US Senate passes budget deal to avert default

US Senate passes budget deal to avert default

WASHINGTON - Agence France-Presse

Senate Minority Leader Harry Reid (D-NV) and House Minority Leader Nancy Pelosi (D-CA) speak to reporters on the bipartisan budget agreement at a press event at the Capitol on October 28, 2015 in Washington, D.C. AFP Photo

The US Senate passed a bipartisan, two-year budget deal early on Oct. 30 that boosts federal spending by $80 billion, reduces a government shutdown threat and raises the debt ceiling through the end of Barack Obama's presidency.

The bill passed the House of Representatives on Wednesday and now goes to Obama for the formalities of his signature, although the political fallout looks set to linger on.
 
The measure, which passed 64 votes to 35 late into the night, provides lawmakers with some fiscal breathing room through the 2016 presidential election after years of bruising spending fights.
 
The plan suspends the statutory federal borrowing cap until mid-March 2017 and averts a damaging default.
 
It provides for a $50 billion spending increase in fiscal 2016 -- split about equally between defense and domestic programs -- and $30 billion in fiscal 2017.
 
It also adds $31 billion into an emergency war fund for the Pentagon, offset by tweaks to entitlement programs including Social Security.
 
The deal is the result of weeks of secret negotiations between the White House and Republican then-speaker John Boehner, who sought to clear the decks of any fiscal crises before his successor took the gavel.
 
Boehner stepped down on Oct. 29, when congressman Paul Ryan was elected as the new speaker of the House, and the bill marked Boehner's final legislative achievement.
 
There was a sense of urgency to the Senate vote, which occurred hours before sunrise on Oct. 30.
 
The Republican-controlled Congress must raise the federal borrowing limit by November 3, or risk Washington ending up in default.
 
Senate Minority Leader Harry Reid praised lawmakers for coming together to pass the bill, which he said "will help prevent a government shutdown and avoid a disastrous default on our nation's obligations."  
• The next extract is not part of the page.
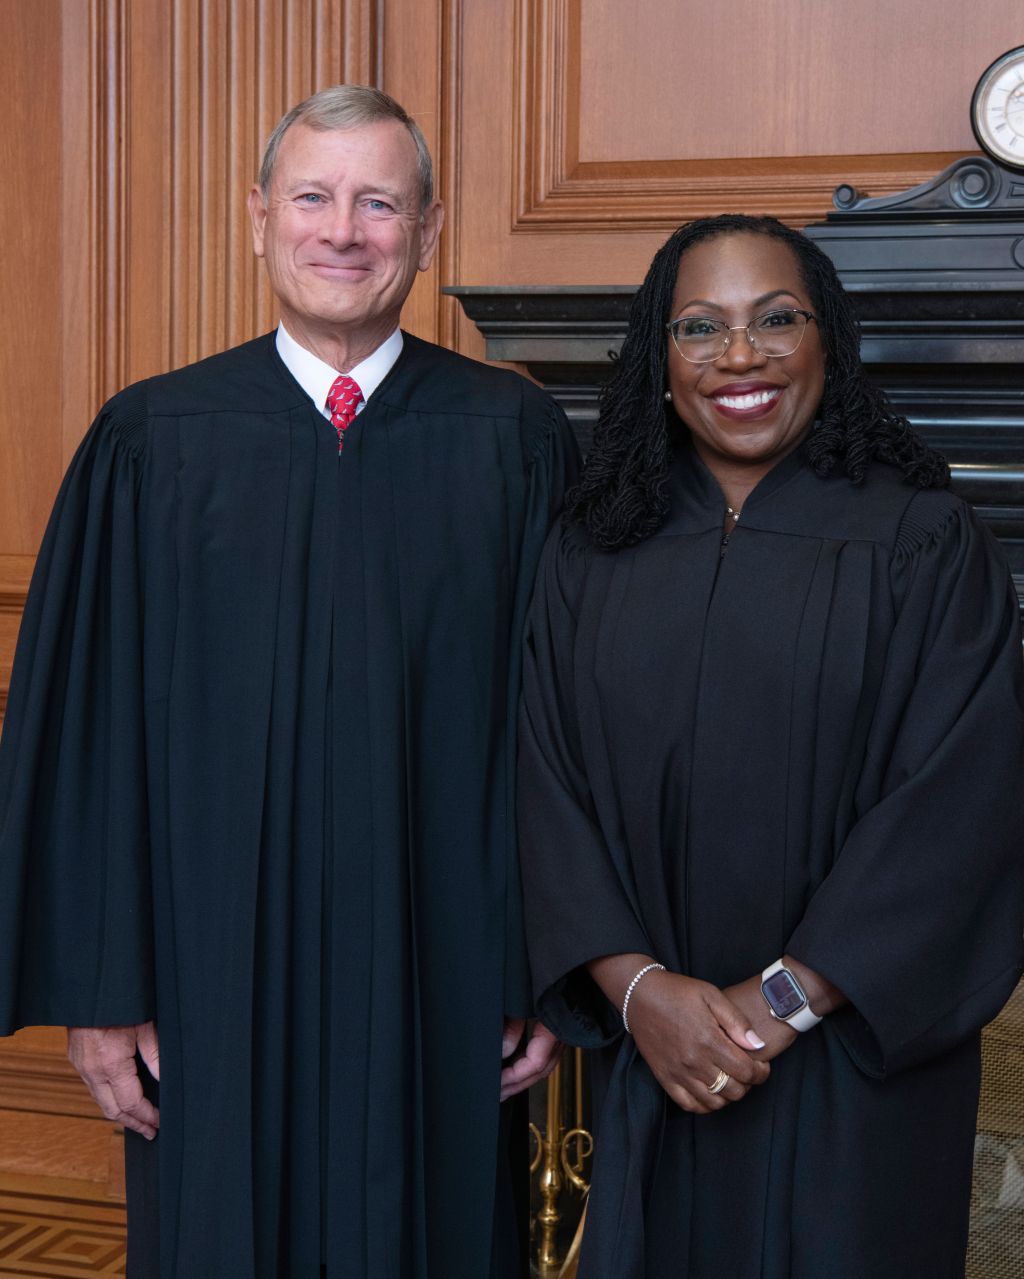 Ketanji Brown Jackson officially joins Supreme Court in historic investiture ceremony

Overall, the new budget would set 2016 discretionary spending at $1.067 trillion, of which about half is for defense. The figure would rise slightly in 2017, to $1.071 trillion.    
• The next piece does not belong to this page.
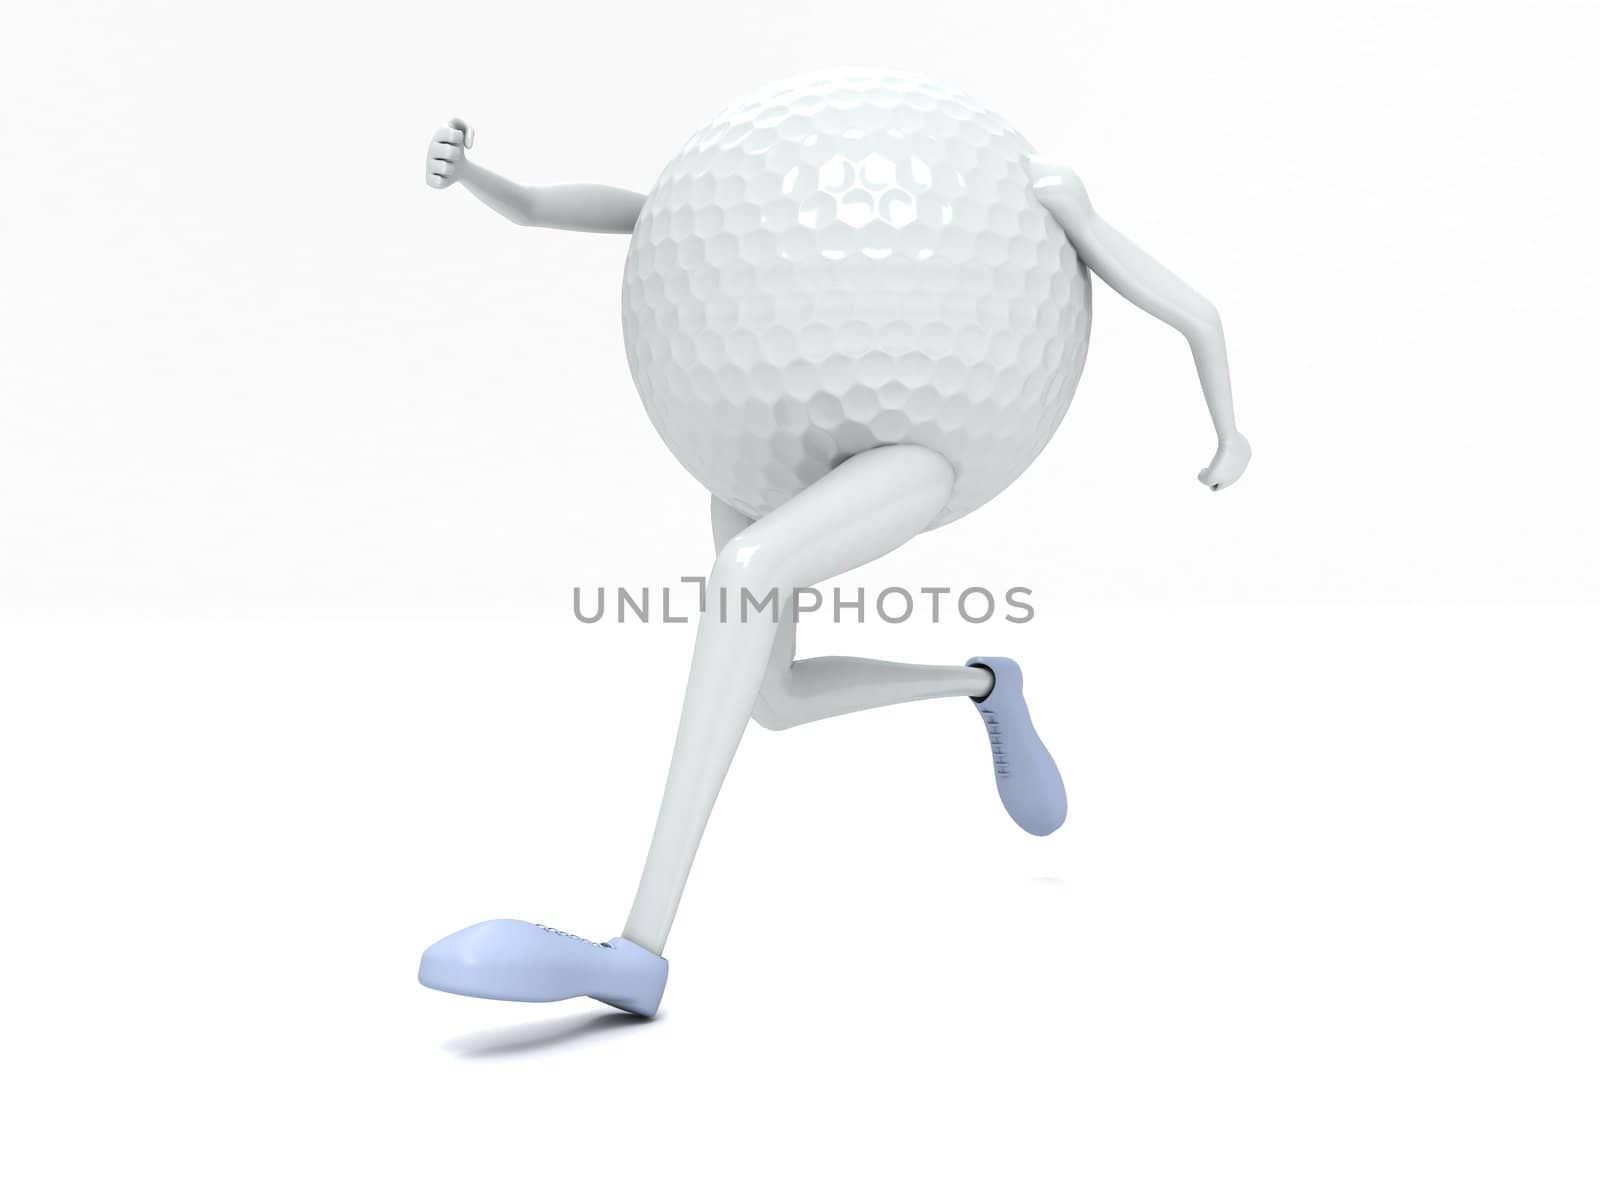 three dimensional front view of running golf ball by imagerymajestic

Congressional appropriators will need to decide how the funds will be divided among the vast slate of federal programs by December 11, when a stopgap spending measure expires.
         
But several conservatives, including a number of candidates vying for the Republican presidential nomination, have blasted the deal as fiscal recklessness.    

Critics say it marks a sell-out to the Obama administration because it busts through congressionally mandated spending caps and extends borrowing authority, while doing little to pare down the nation's $18 trillion deficit.
 
"Republican majorities have just given President Obama a diamond-encrusted, glow-in-the-dark AmEx card," Senator Ted Cruz, who is running for president, fumed late on Oct. 29.
 
Senator Rand Paul, a rival GOP presidential contender, accused fellow Republicans and Democrats of having "come together in an unholy alliance to explode the debt."  

"The left gets more welfare, the right gets more military contracts, and the taxpayer is stuck with the bill," Paul said.
 
Republican and Democratic lawmakers fought several battles over borrowings between 2011 and 2014 that roiled financial markets, caused an unprecedented downgrade of the country's triple-A debt rating by Standard & Poor's, and forced a partial government shutdown for 16 days in 2013.